A unit vector in the direction of $\overrightarrow V$ is given by $\frac{\overrightarrow V}{|\overrightarrow V|}$. First, let's find the magnitude of $\overrightarrow V$: $|\overrightarrow V| = \left| \frac{1}{\lambda}\widehat i - \lambda\widehat j + \lambda\widehat k \right| = \sqrt{\left(\frac{1}{\lambda}\right)^2 + (-\lambda)^2 + (\lambda)^2}$ $|\overrightarrow V| = \sqrt{\frac{1}{\lambda^2} + \lambda^2 + \lambda^2} = \sqrt{\frac{1}{\lambda^2} + 2\lambda^2}$

The unit vector $\widehat u$ is: $\widehat u = \frac{\overrightarrow V}{|\overrightarrow V|} = \frac{\frac{1}{\lambda}\widehat i - \lambda\widehat j + \lambda\widehat k}{\sqrt{\frac{1}{\lambda^2} + 2\lambda^2}}$ To simplify, multiply the numerator and the denominator by $\lambda$ (since $\lambda \neq 0$): $\widehat u = \frac{\lambda \left(\frac{1}{\lambda}\widehat i - \lambda\widehat j + \lambda\widehat k\right)}{\lambda \sqrt{\frac{1}{\lambda^2} + 2\lambda^2}} = \frac{\widehat i - \lambda^2\widehat j + \lambda^2\widehat k}{\sqrt{\lambda^2 \left(\frac{1}{\lambda^2} + 2\lambda^2\right)}}$ $\widehat u = \frac{\widehat i - \lambda^2\widehat j + \lambda^2\widehat k}{\sqrt{1 + 2\lambda^4}}$

Why this step?

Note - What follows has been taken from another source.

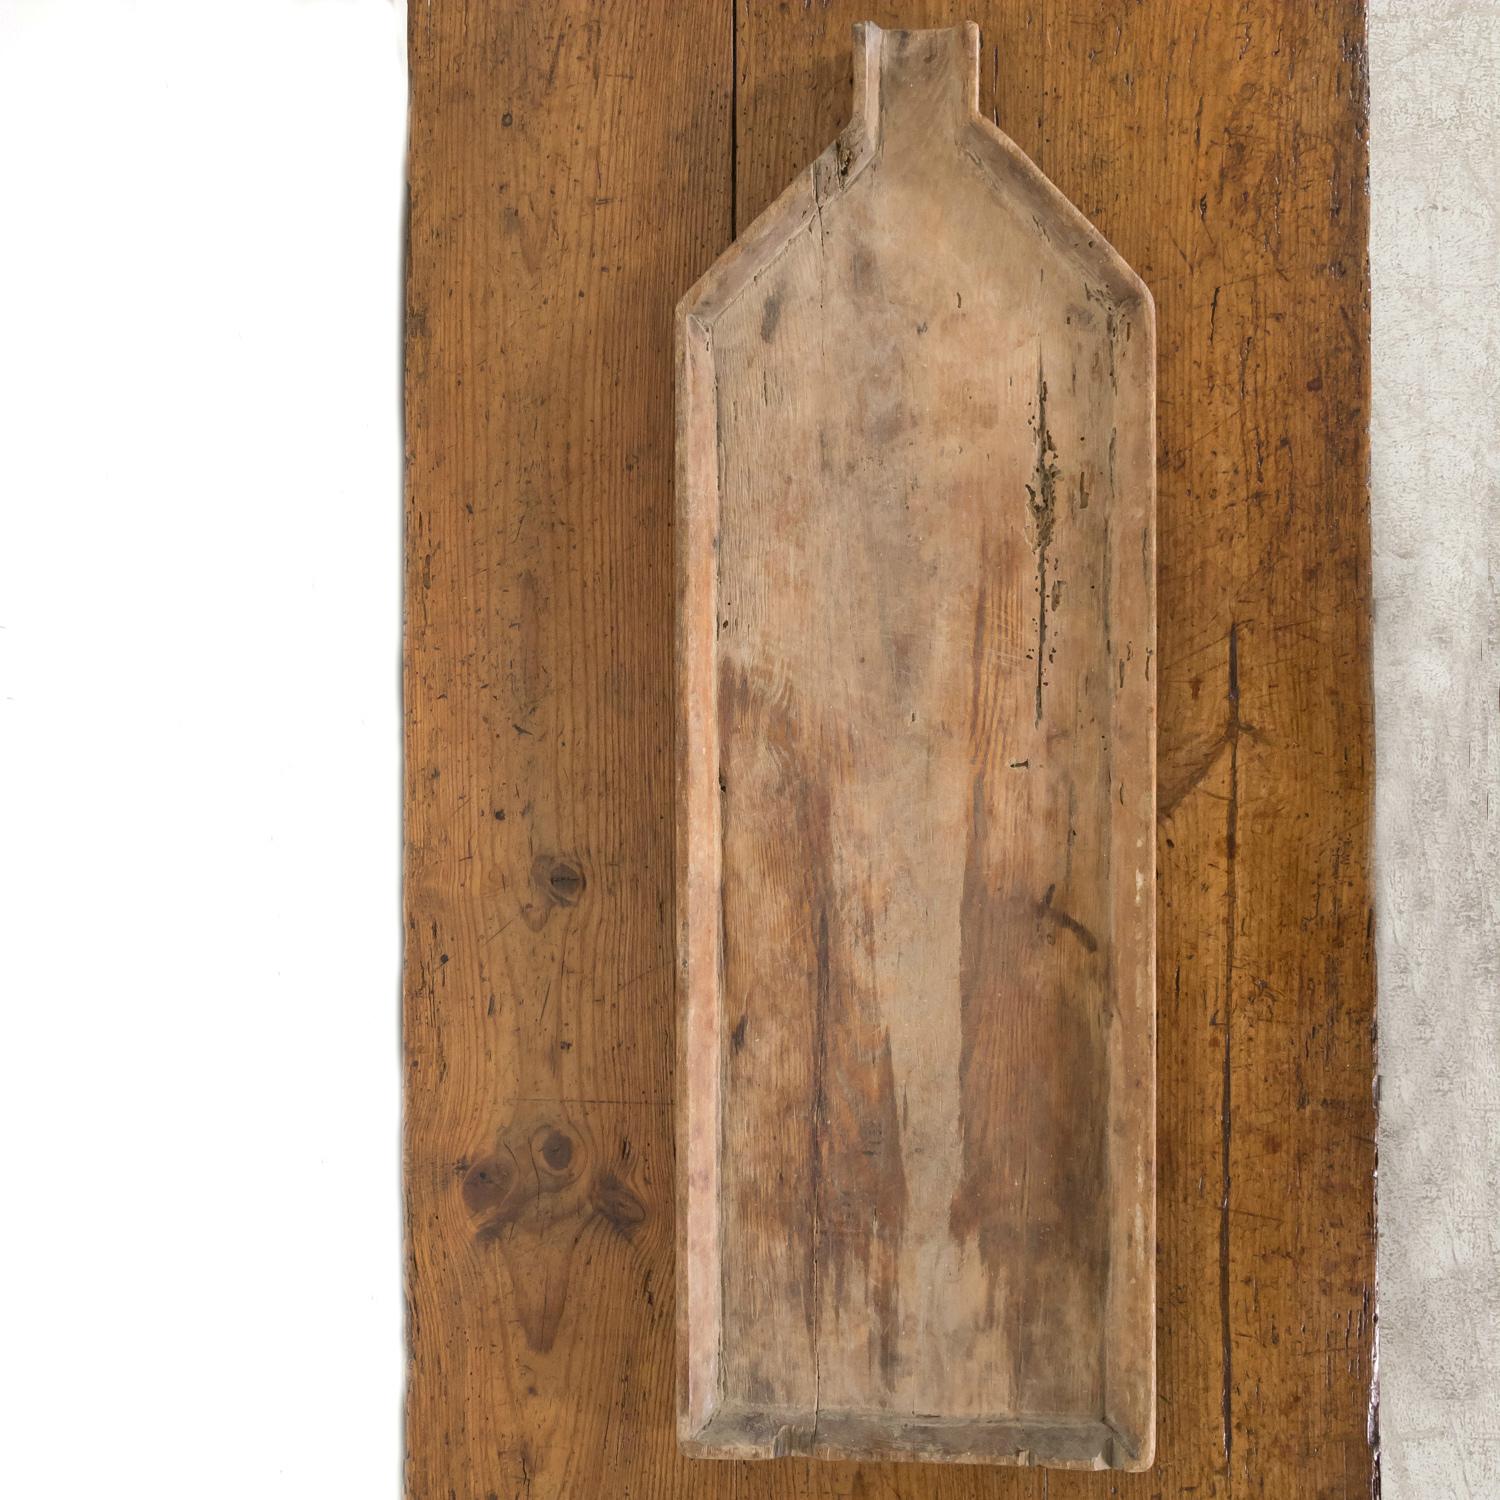 A large 19th century French cheese board from the Normandy region of France, circa 1870s. Having a timeworn patina that happens only after decades of use, this antique cheese board with raised edges was used by a cheese maker as he worked the cheese
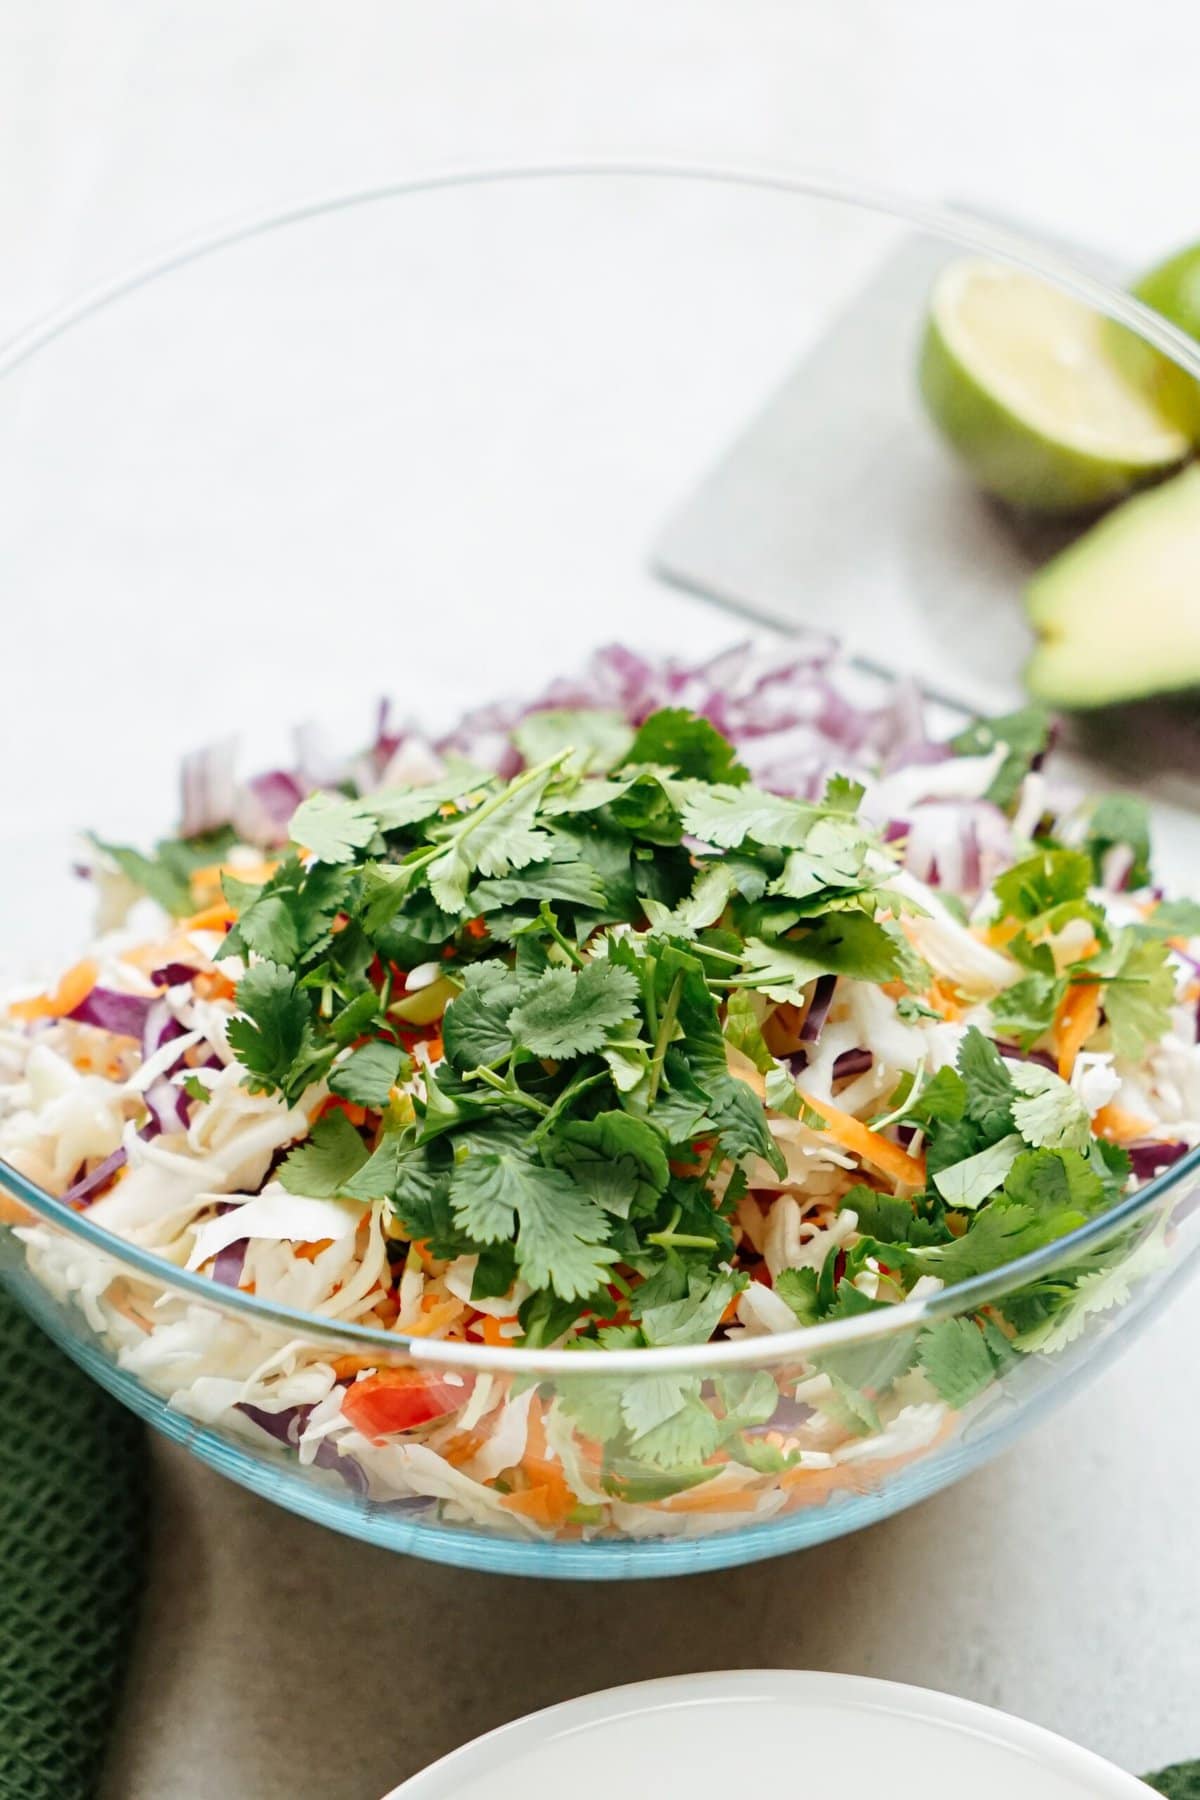 A fresh vegetable salad with cilantro garnish and fish tacos in a glass bowl.

This step applies the definition of a unit vector. By calculating the magnitude and dividing the vector by it, we obtain a vector of unit length pointing in the same direction as $\overrightarrow V$. The simplification makes it easier to compare with the given options.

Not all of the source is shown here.